> _Problem_
From the entries below, write out exactly the lines between the line holding "summary of patents for Dompe" and the line holding "Turtle Beach Stealth", inclusive, excluding any pictures.

> _Material shown_
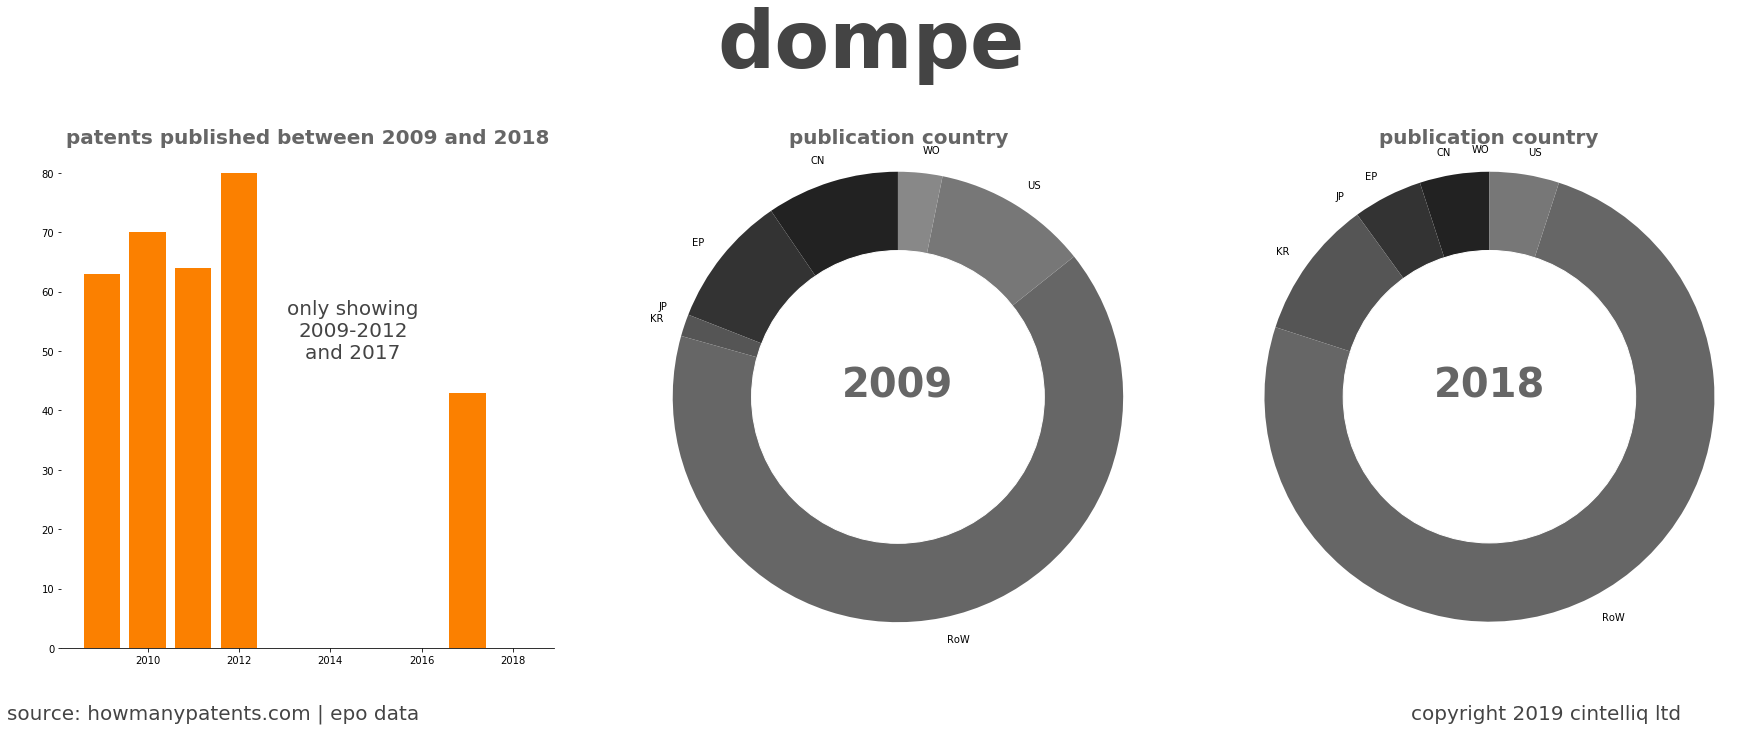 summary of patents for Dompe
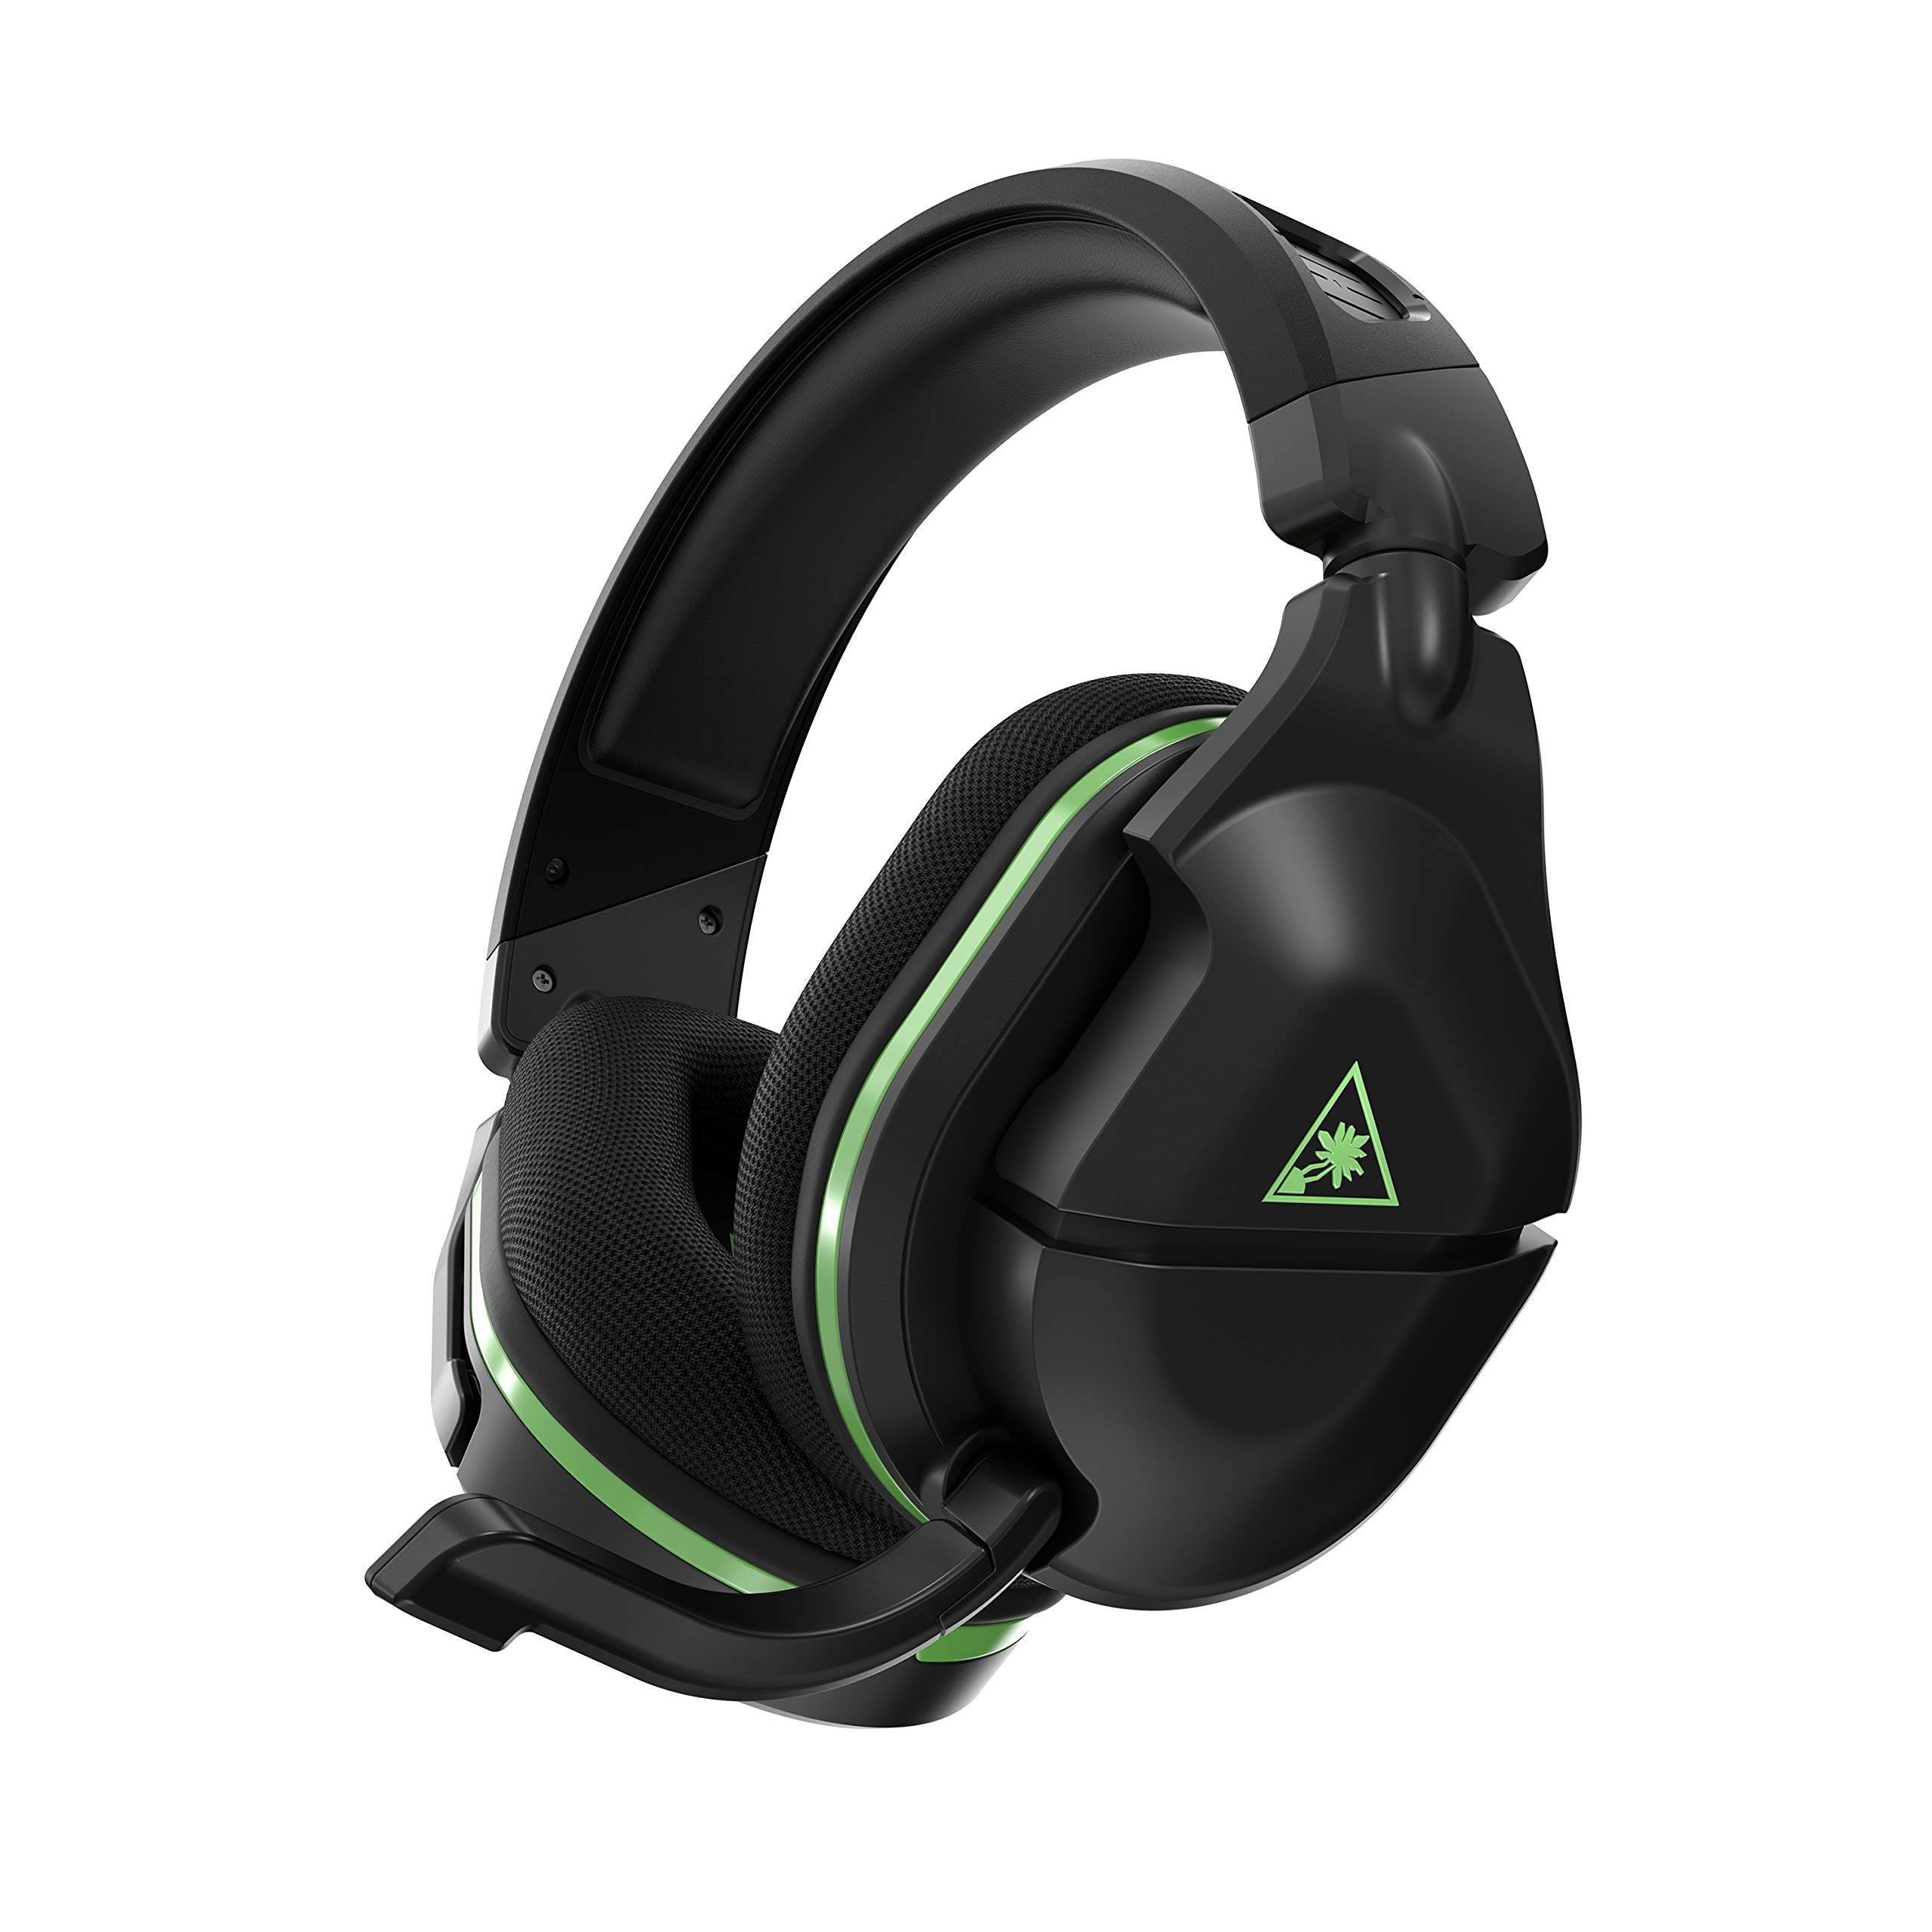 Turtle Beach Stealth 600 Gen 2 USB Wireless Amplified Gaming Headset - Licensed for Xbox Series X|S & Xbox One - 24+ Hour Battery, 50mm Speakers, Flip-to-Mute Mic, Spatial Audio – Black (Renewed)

...

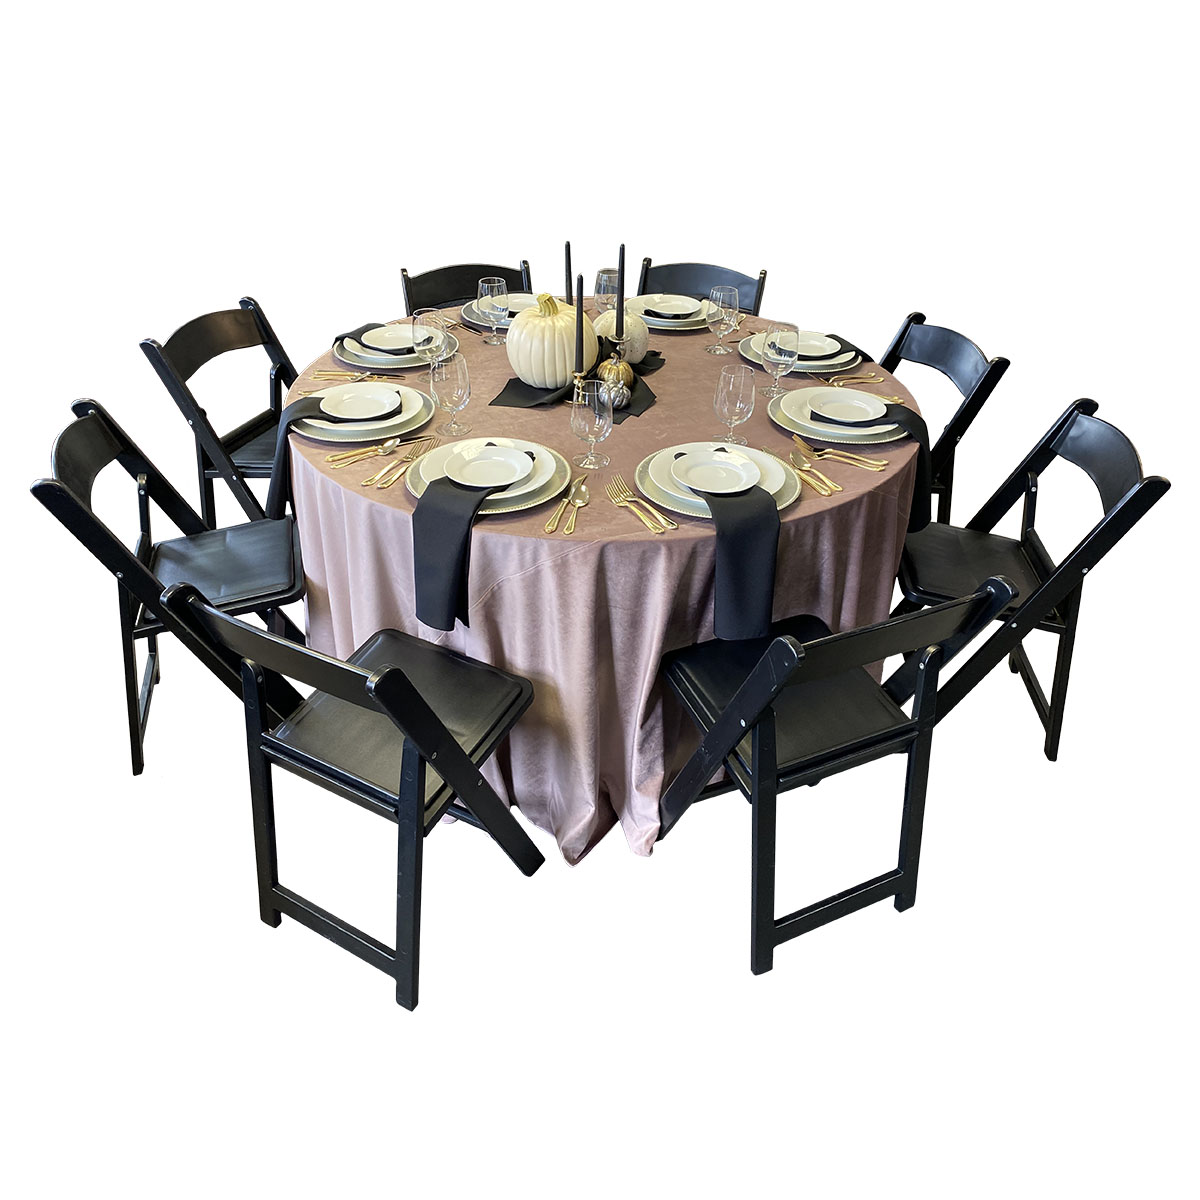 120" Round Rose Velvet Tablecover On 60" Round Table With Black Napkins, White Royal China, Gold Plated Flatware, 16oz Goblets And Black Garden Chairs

> _Answer space_
 summary of patents for Dompe
 Turtle Beach Stealth 600 Gen 2 USB Wireless Amplified Gaming Headset - Licensed for Xbox Series X|S & Xbox One - 24+ Hour Battery, 50mm Speakers, Flip-to-Mute Mic, Spatial Audio – Black (Renewed)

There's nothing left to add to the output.